4. An OCR and TTS based visually impaired reading device according to claim 2 and wherein: the speech recognition unit comprises an ASR management module and an ASR module;

5. An OCR and TTS based visually impaired reading device according to claim 4, wherein: the gesture recognition module is electrically connected with the microcomputer unit;

6. An OCR and TTS based visually impaired reading device according to claim 5, wherein:

the microcomputer unit is also used for carrying out edge detection algorithm processing or binarization algorithm processing on the character image so as to enable the imaging content of the character image to be clearer.

7. An OCR and TTS based visually impaired reading device according to claim 5, wherein: the voice recognition unit further comprises a microphone, the microphone is provided with soundproof cotton, and the soundproof cotton is only provided with a sound receiving hole in one direction.

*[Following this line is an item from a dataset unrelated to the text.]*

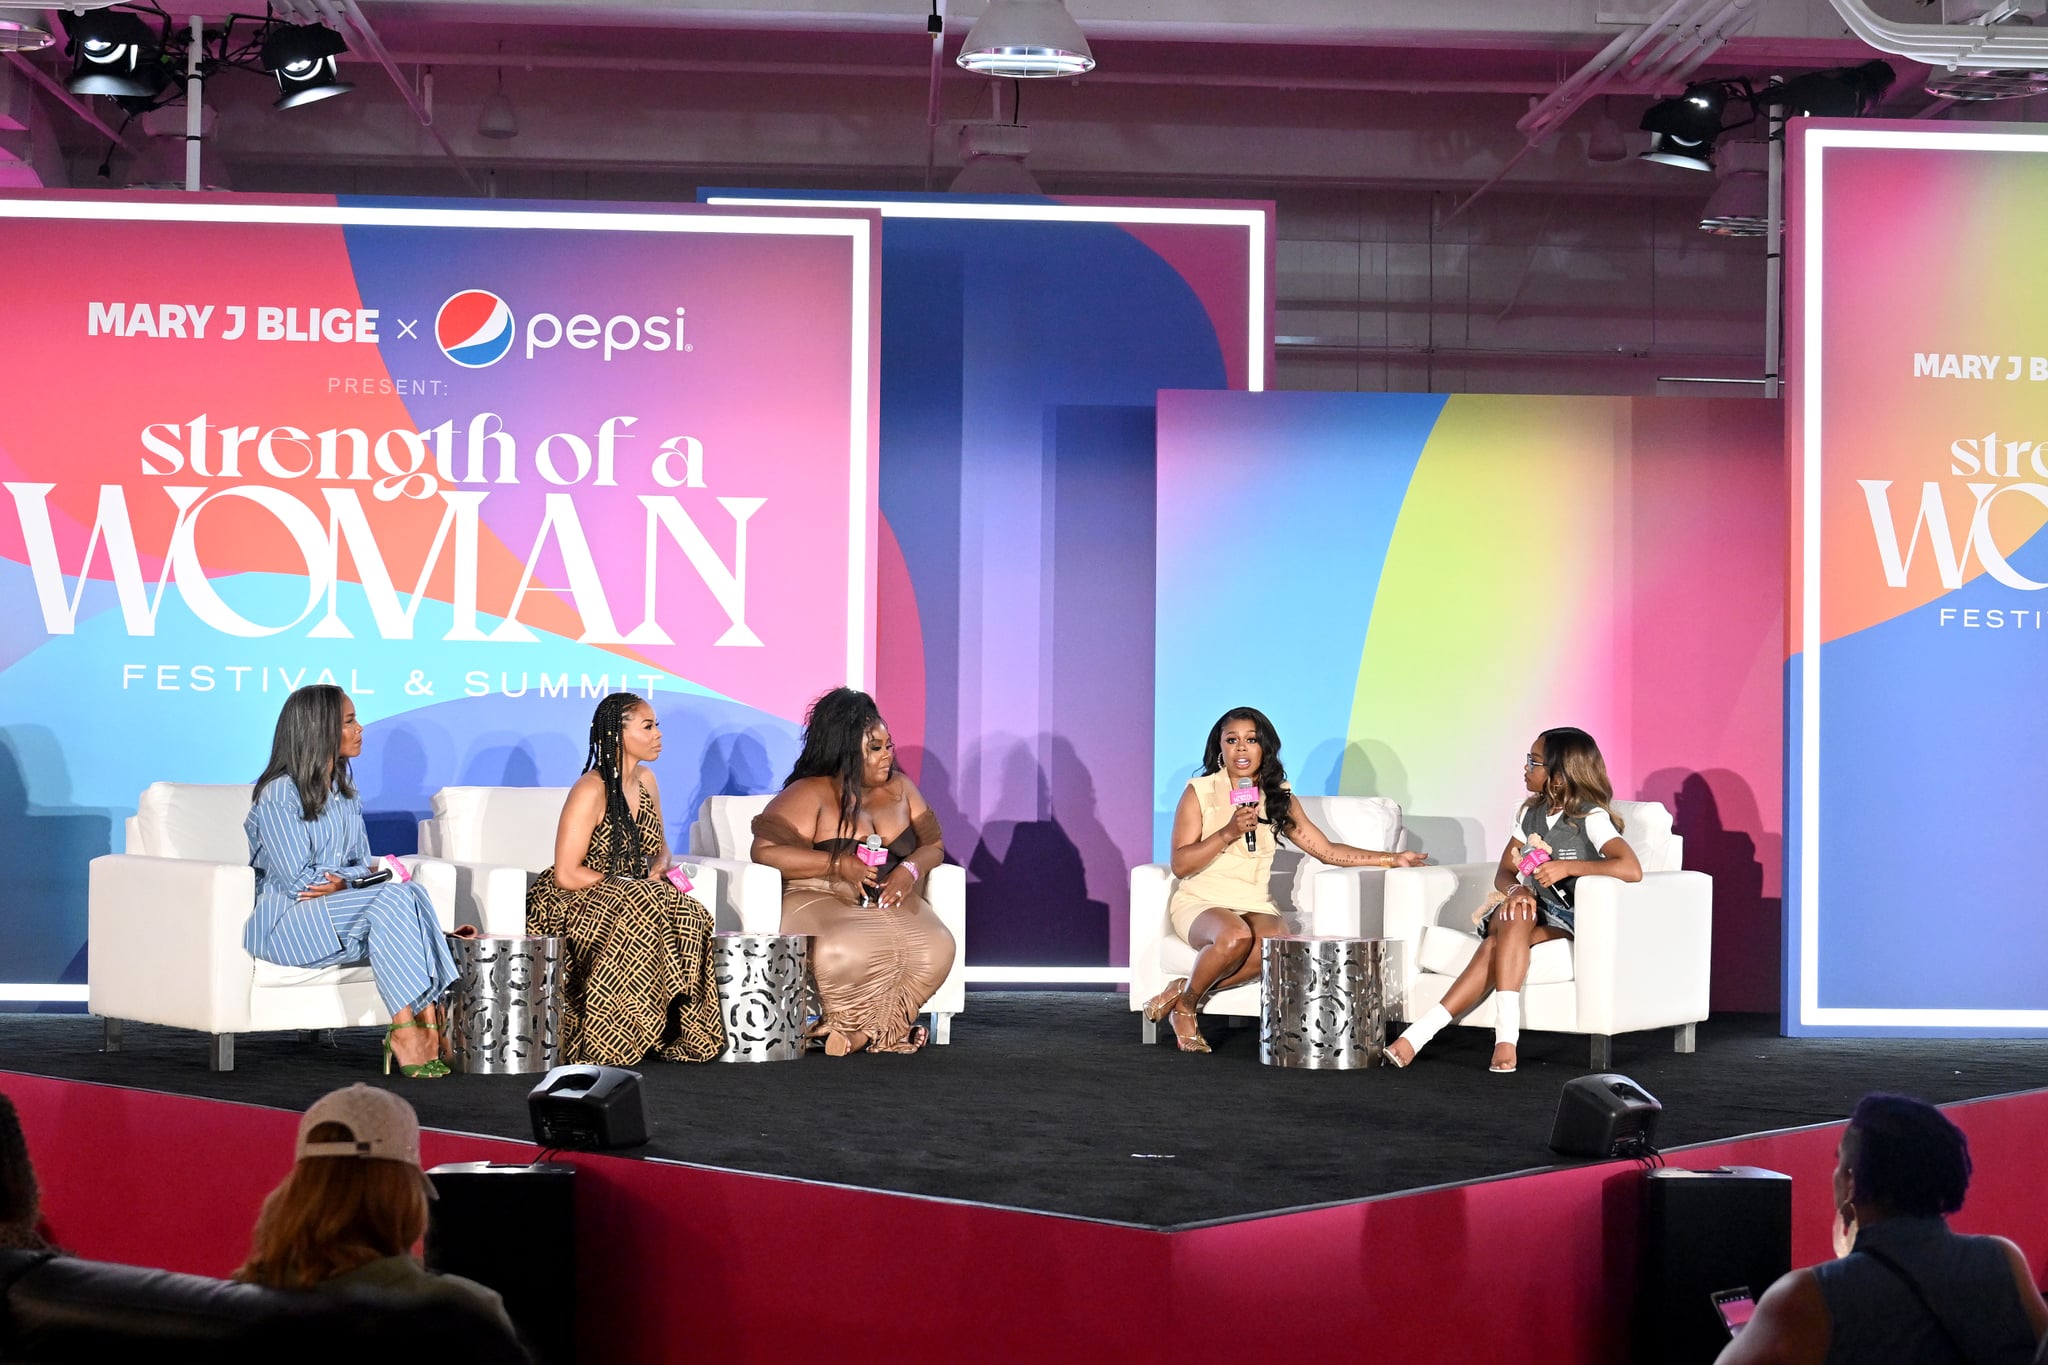 ATLANTA, Georgia - MAY 13: (LR) Mara Brock Akil, Brandi Evans, Raven Goodwin, Gail Bean and Marsai Martin at AmericaSmart Mary J.  Blige speaks onstage during the Power of a Women Summit, in partnership with Pepsi and Live Nation Urban.  Atlanta on May 13, 2023 in Atlanta, Georgia.  (Photo by Paras Griffin/Getty Images for Strength of a Woman Festival and Summit)

8. An OCR and TTS based visually impaired reading device according to claim 5, wherein: the voice recognition device also comprises an LED lamp which is electrically connected with the voice recognition unit through a relay;

9. An OCR and TTS based visually impaired reading device according to claim 8 and wherein: the solar energy snow protection device is characterized by further comprising a case, wherein the case body is made of aluminum profiles, and a shell of the case is a light snow Buddha board;

the case is provided with an induction port, a reading area and a sealing area;

the sensing port is used for performing gesture sensing operation on a user;

the sealed area is used for accommodating the microcomputer unit, the voice player and the voice recognition unit;

the reading area is used for placing a file to be read.

10. An OCR and TTS based visually impaired reading device according to any of claims 5 to 9 and comprising: the microcomputer unit is a raspberry group 3B; the ASR management module is an STC89C52 singlechip; the ASR module is an LD3320 voice recognition chip; the gesture recognition module is an E18-D80NK infrared sensor.